25 août 2020 0 Par Grandjournalcd.net

Ce texte est un extrait de l’interview que Mr. Christo Globler, numéro un d’Africom a donné à notre confrère Floride Zantoto sur le tumultueux Dossier Bukangalonzo.

Question: quelle est votre évaluation globale de Bukanga Lonzo (BKL)?

Réponse : Bukanga Lonzo est (ou pourrait être) l’un des projets agricoles les plus viables du continent africain. Comme une opportunité d’affaires (en supposant le plein soutien du gouvernement), ce serait une entreprise extrêmement rentable qui pourrait apporter la prospérité à cette province pas connue en RDC ou même en Afrique. Malheureusement, très peu de gens comprennent ou ont la capacité de visualiser cette énorme opportunité.
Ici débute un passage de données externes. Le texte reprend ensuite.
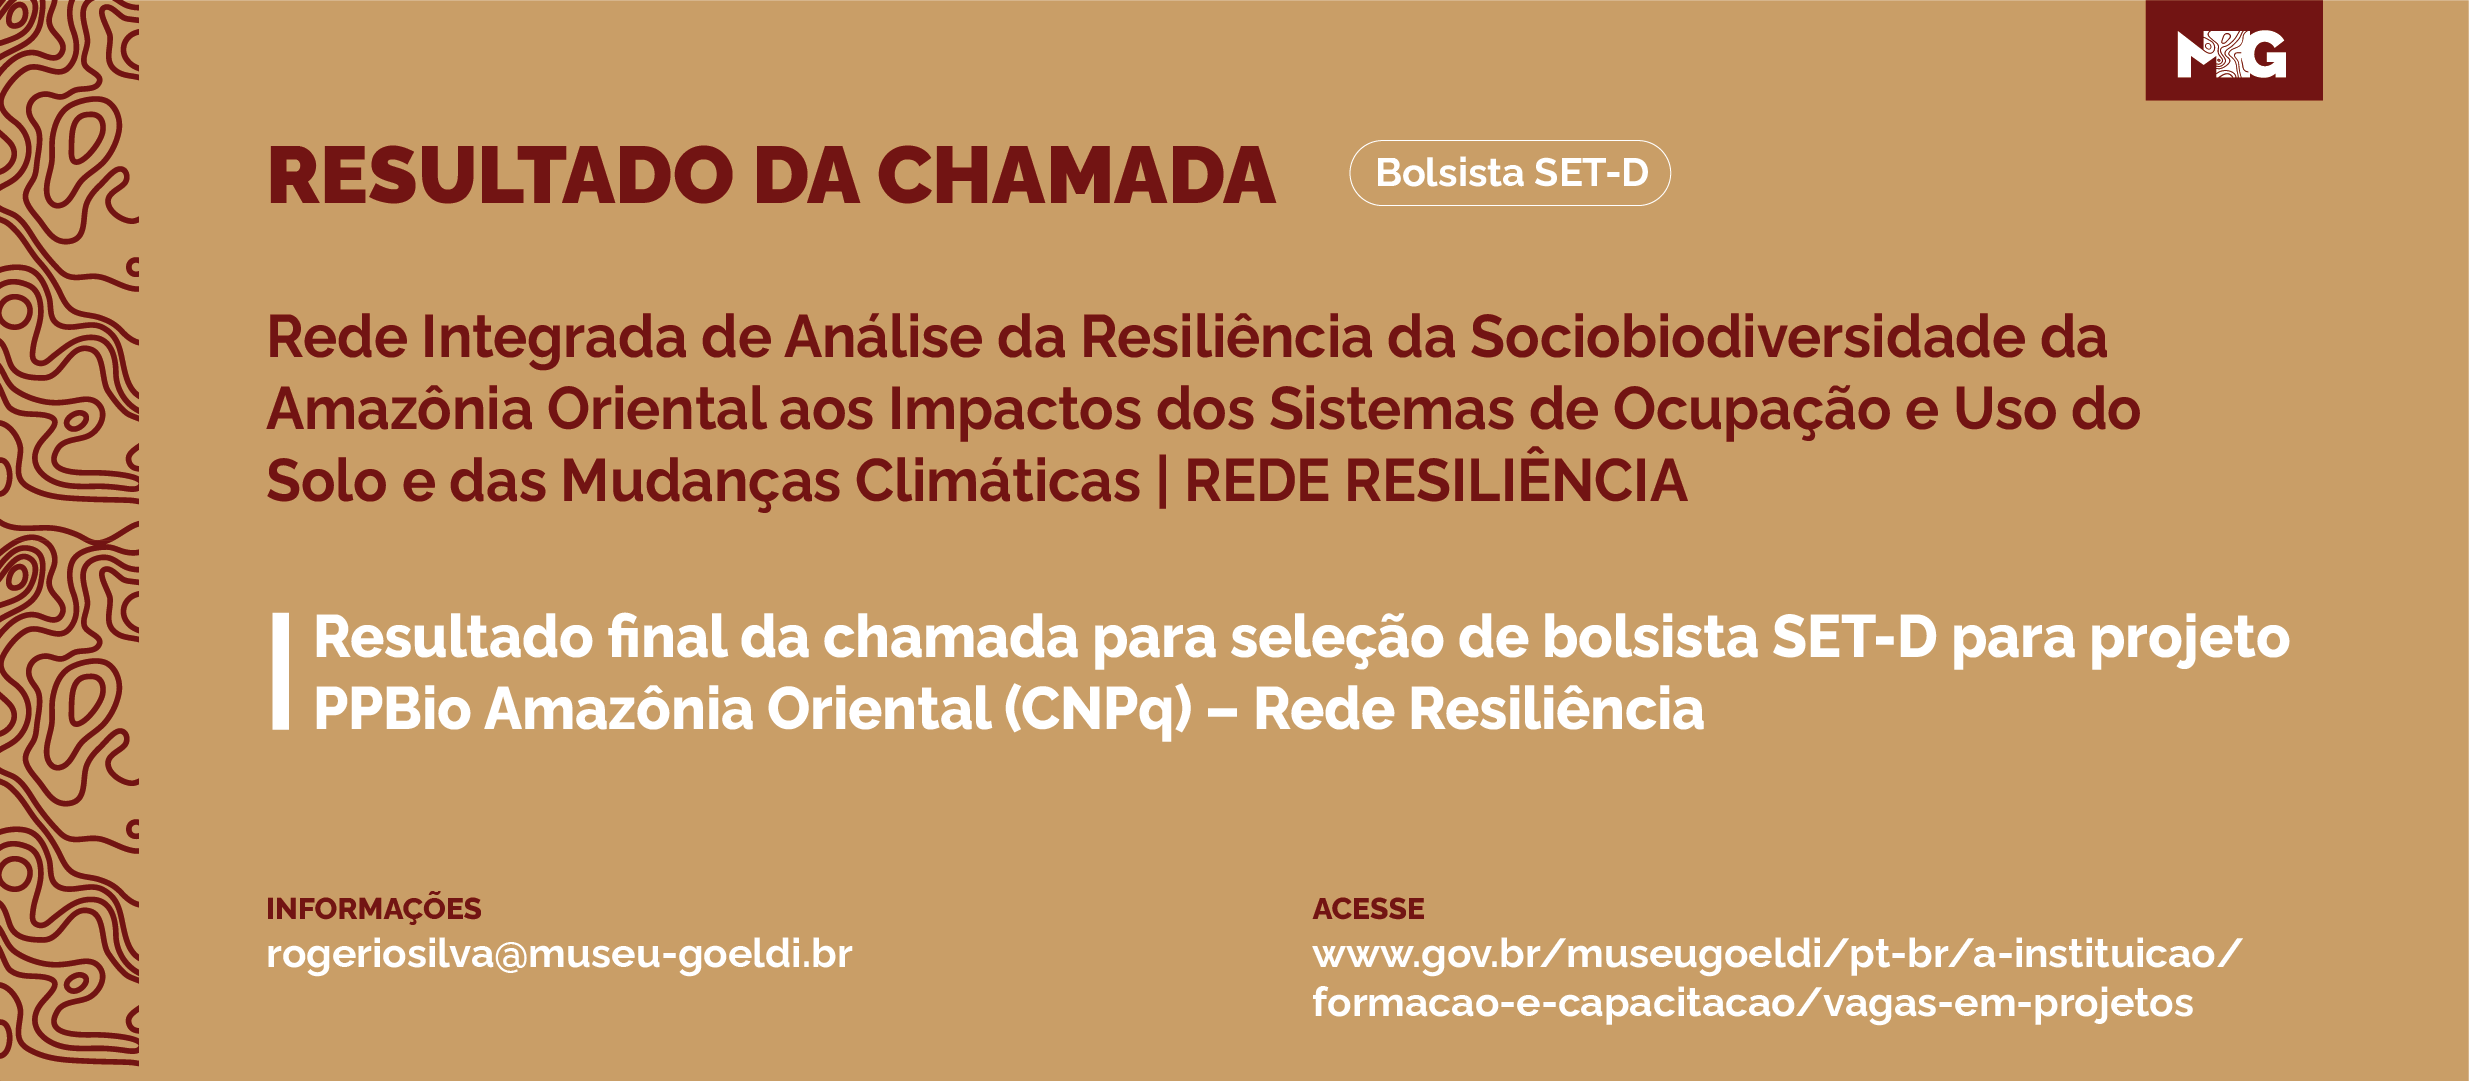 Resultado final da chamada para seleção de bolsistas SET-D para o projeto PPBio Amazônia Oriental (CNPq) – Rede Resiliência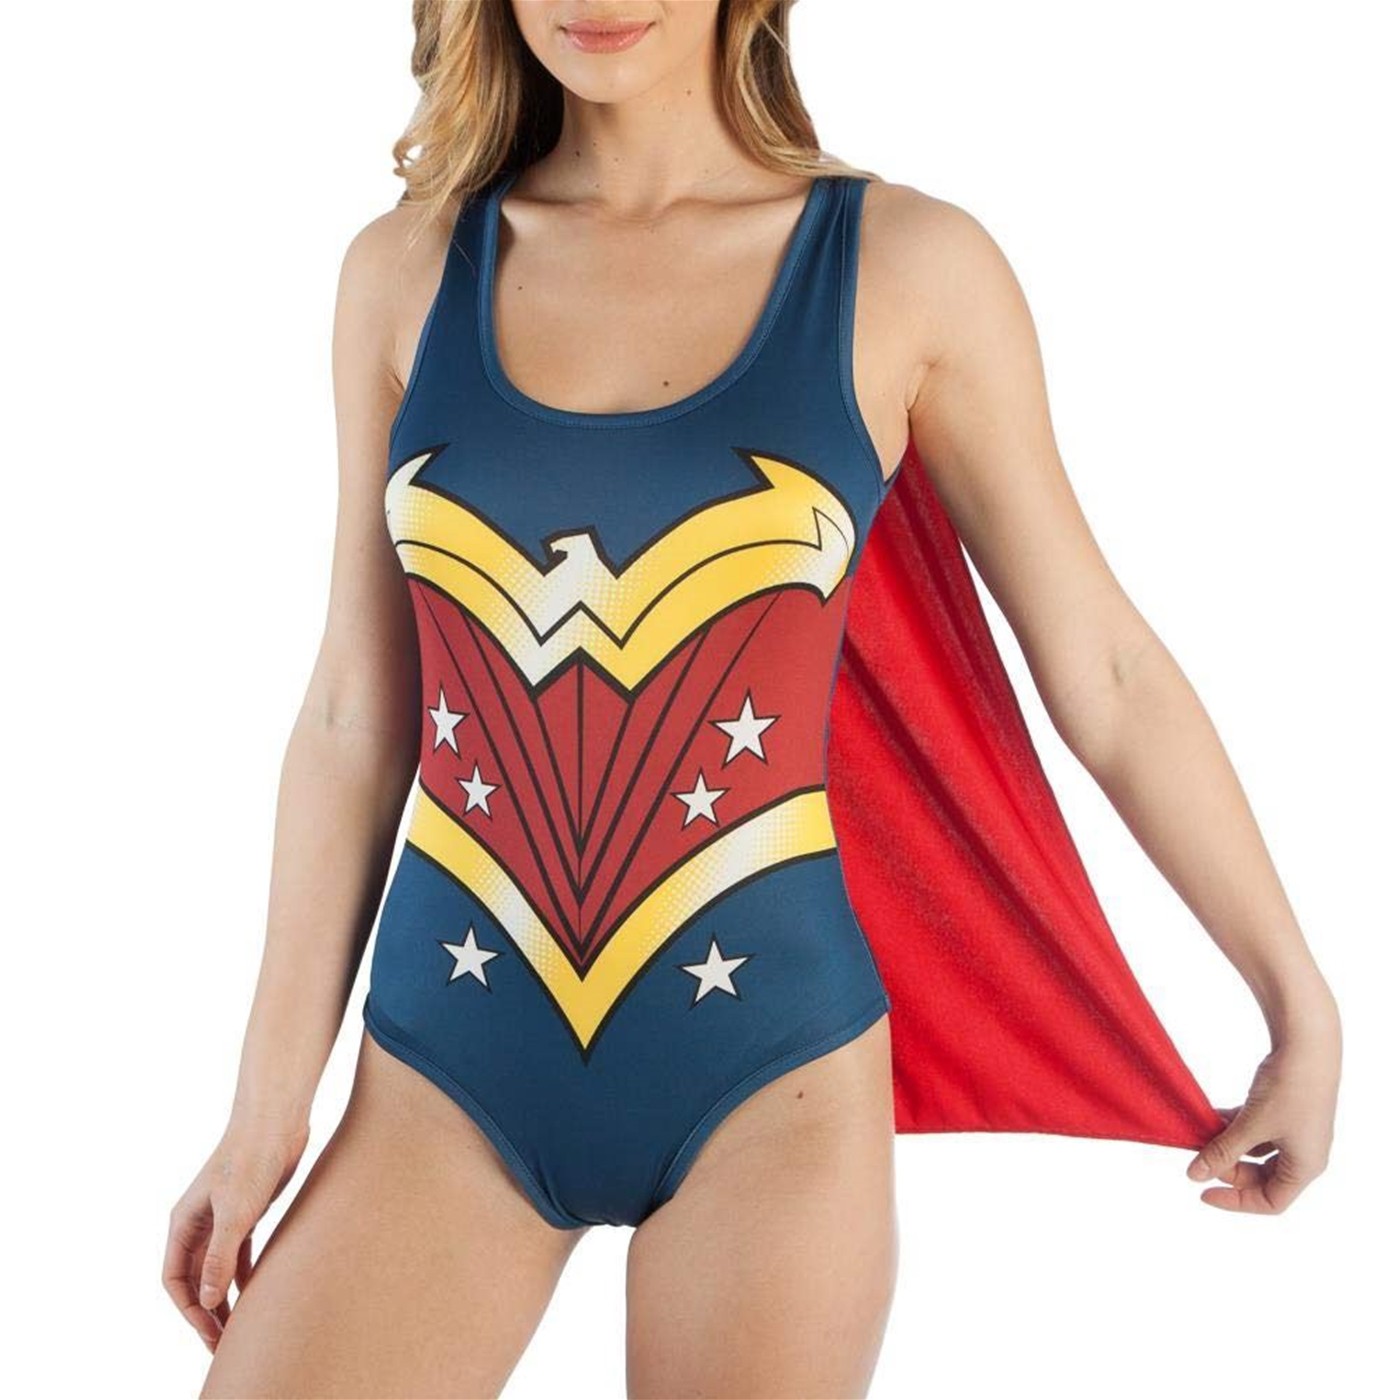 DC Comics Wonder Woman Bodysuit with Cape

Question: comment vous êtes-vous impliqué dans BKL ABP?

Réponse : Nous avons commencé en RDC avec notre investissement dans l’usine d’engrais pour la création d’une industrie des engrais. Le projet Bukanga Lonzo et l’opportunité n’ont eu lieu qu’après notre déjà établissement en RDC. Je ne me souviens pas comment ou quand nous avons commencé à en parler, mais ce qui s’est passé, c’est qu’Africom à ce stade avait environ 25 (vingt-cinq) entreprises actives impliquées dans le domaine agricole en Afrique du Sud et en Afrique (étant des importateurs de tracteurs et l’assemblage, la fabrication de la mise en œuvre, les engrais, les produits chimiques agricoles, la société spécialisée d’analyse des sols, la technologie des drones, la logistique, la construction, la technologie de laboratoire spécialisée, etc.).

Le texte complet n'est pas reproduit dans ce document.